Ein laotisches Flugzeug soll seine Passagiere zu einer Militärparade bringen, aber etwas geht schief und die Maschine verunglückt. Unter den Insassen, die bei dem Absturz ums Leben kommen, befinden sich hohe Regierungsbeamte.

Beim Absturz eines Militärflugzeugs in Laos sind Verteidigungsminister Douangchay Phichit und vier weitere hohe Staatsvertreter ums Leben gekommen. Nach Angaben des Außenministeriums in Bangkok waren etwa 20 Menschen an Bord der Unglücksmaschine. Die amtliche laotische Nachrichtenagentur KPL vermeldete den Absturz, ohne Angaben zu den Opfern zu machen.

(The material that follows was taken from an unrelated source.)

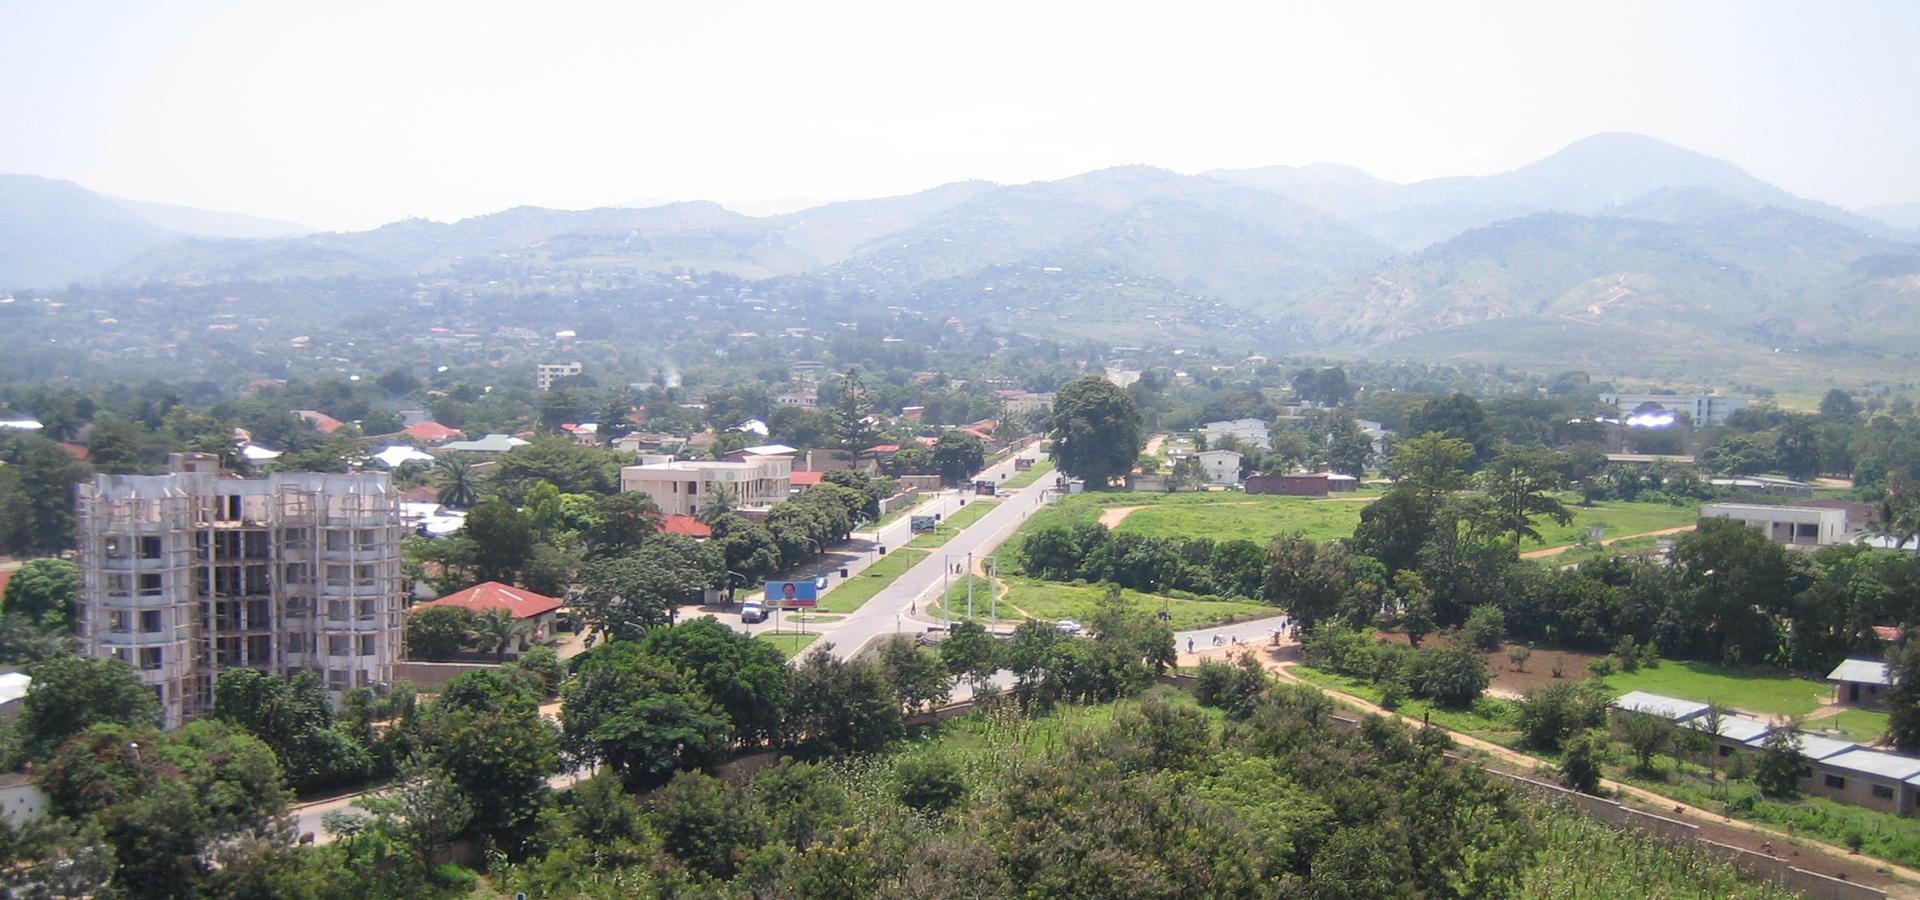 Peer-to-peer advisory in Bujumbura, Burundi.
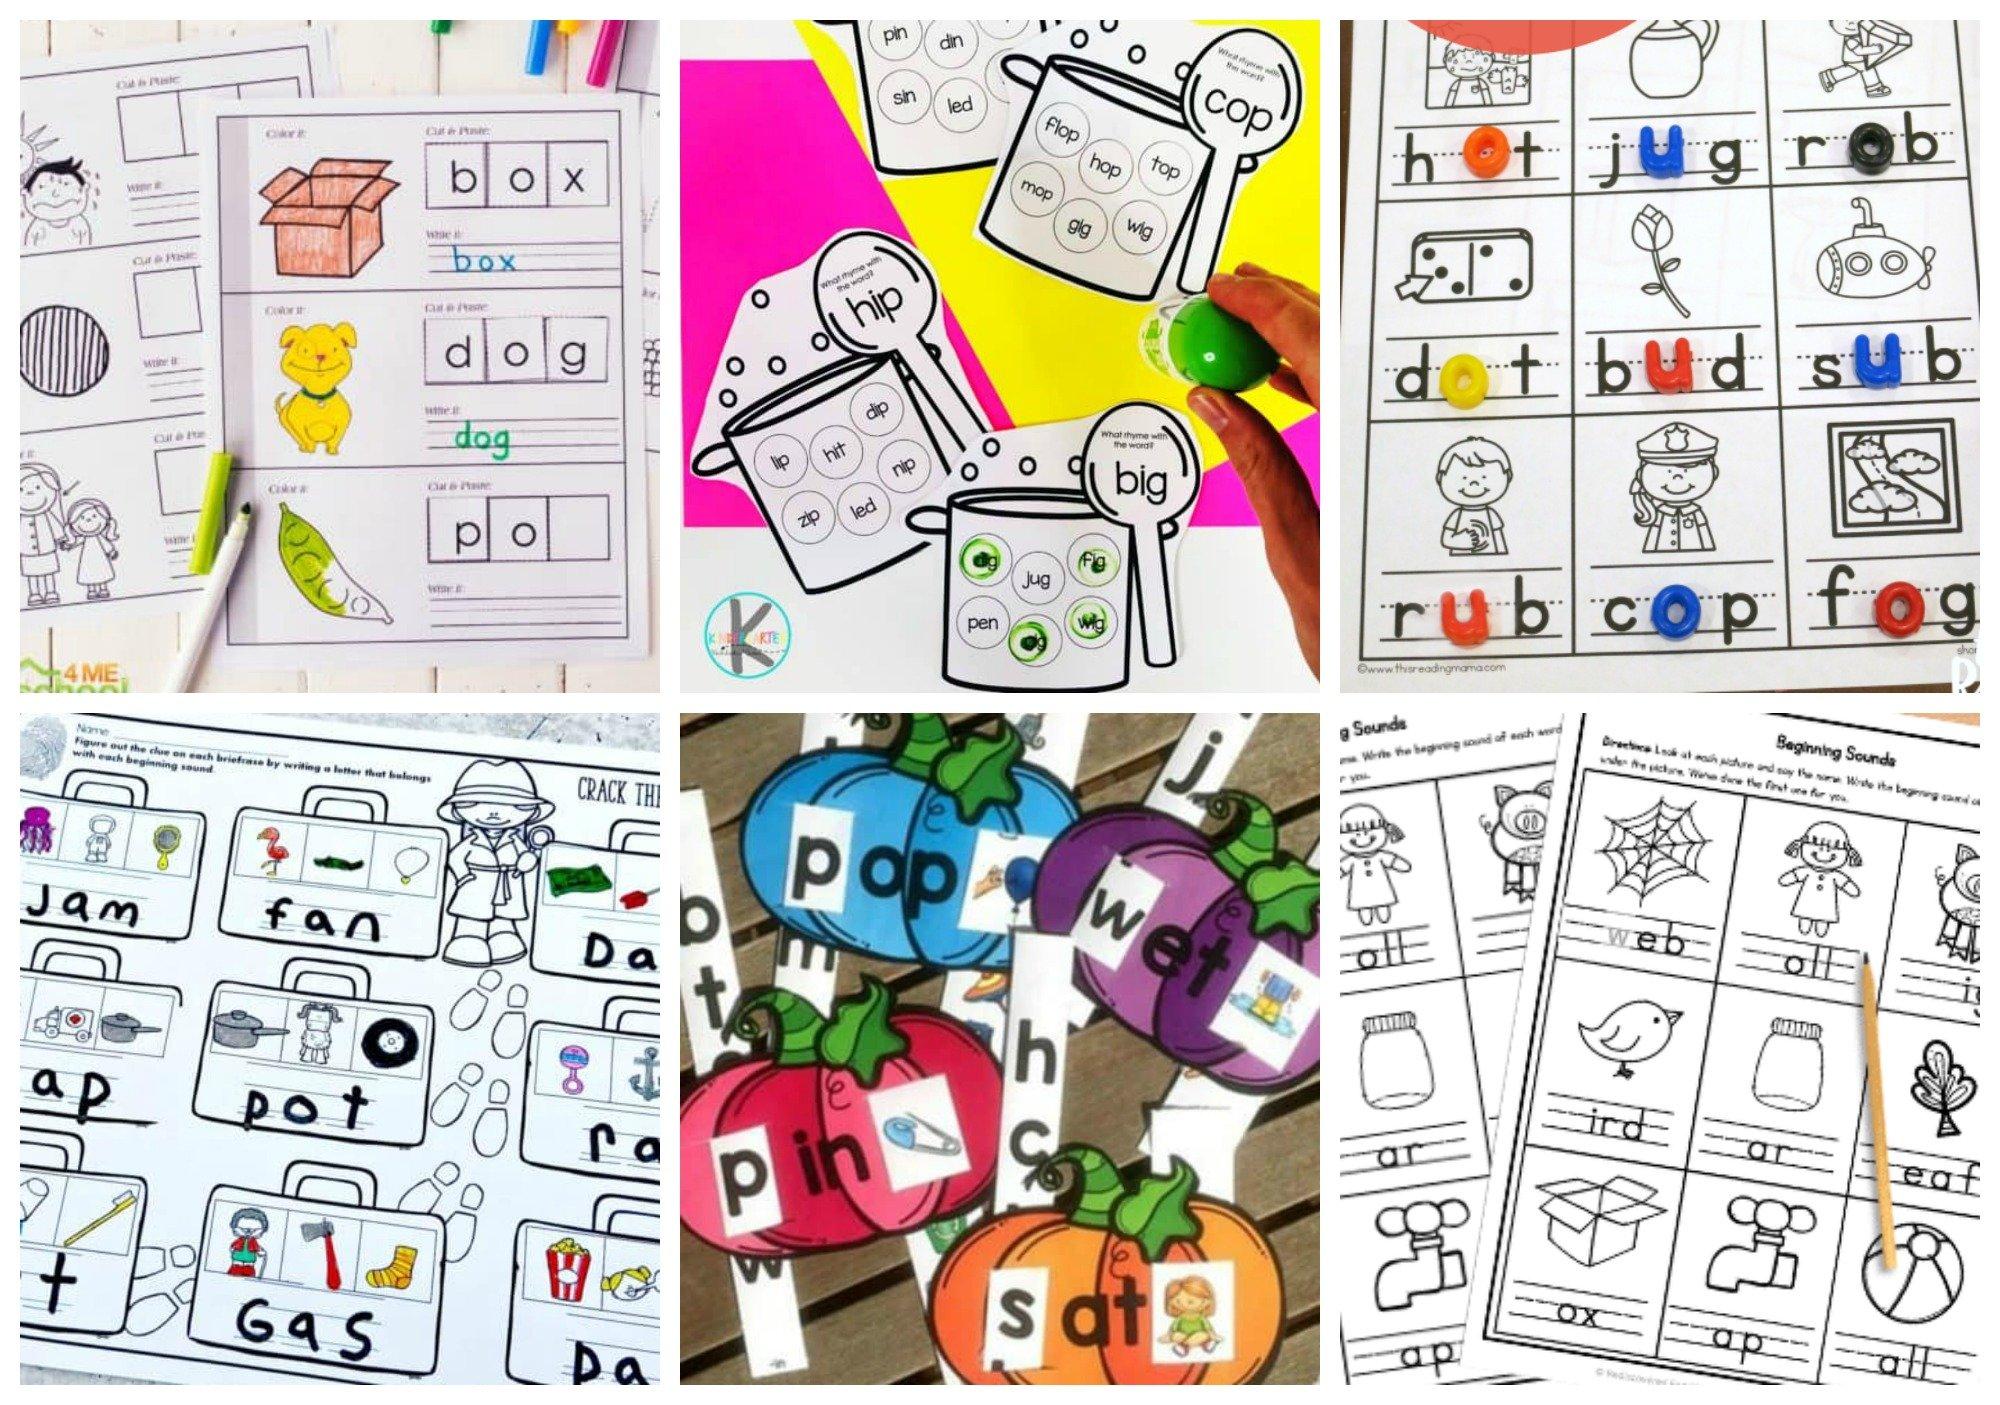 lots of fun free printable cvc worksheets for teaching preschool, pre-k, kindergarten, and first grade students

Die Maschine war auf dem Weg von der Hauptstadt Vientiane zu einer Militärzeremonie in der nordöstlichen Provinz Xiangkhouang, als sie verunglückte. Von KPL verbreitete Bilder zeigen Wrackteile im Dschungel. Rettungskräfte suchten nach möglichen Überlebenden, hieß es in dem Bericht.

Das zwischen Thailand und Vietnam gelegene Laos ist eines der ärmsten Länder Südostasiens. Es wird von einer Ein-Parteien-Regierung geführt. Immer wieder kommt es zu Flugzeugunglücken. Im vergangenen Oktober war ein Zivilflugzeug von Lao Airlines bei schlechtem Wetter in den Mekong gestürzt, dabei waren alle 49 Menschen an Bord ums Leben gekommen.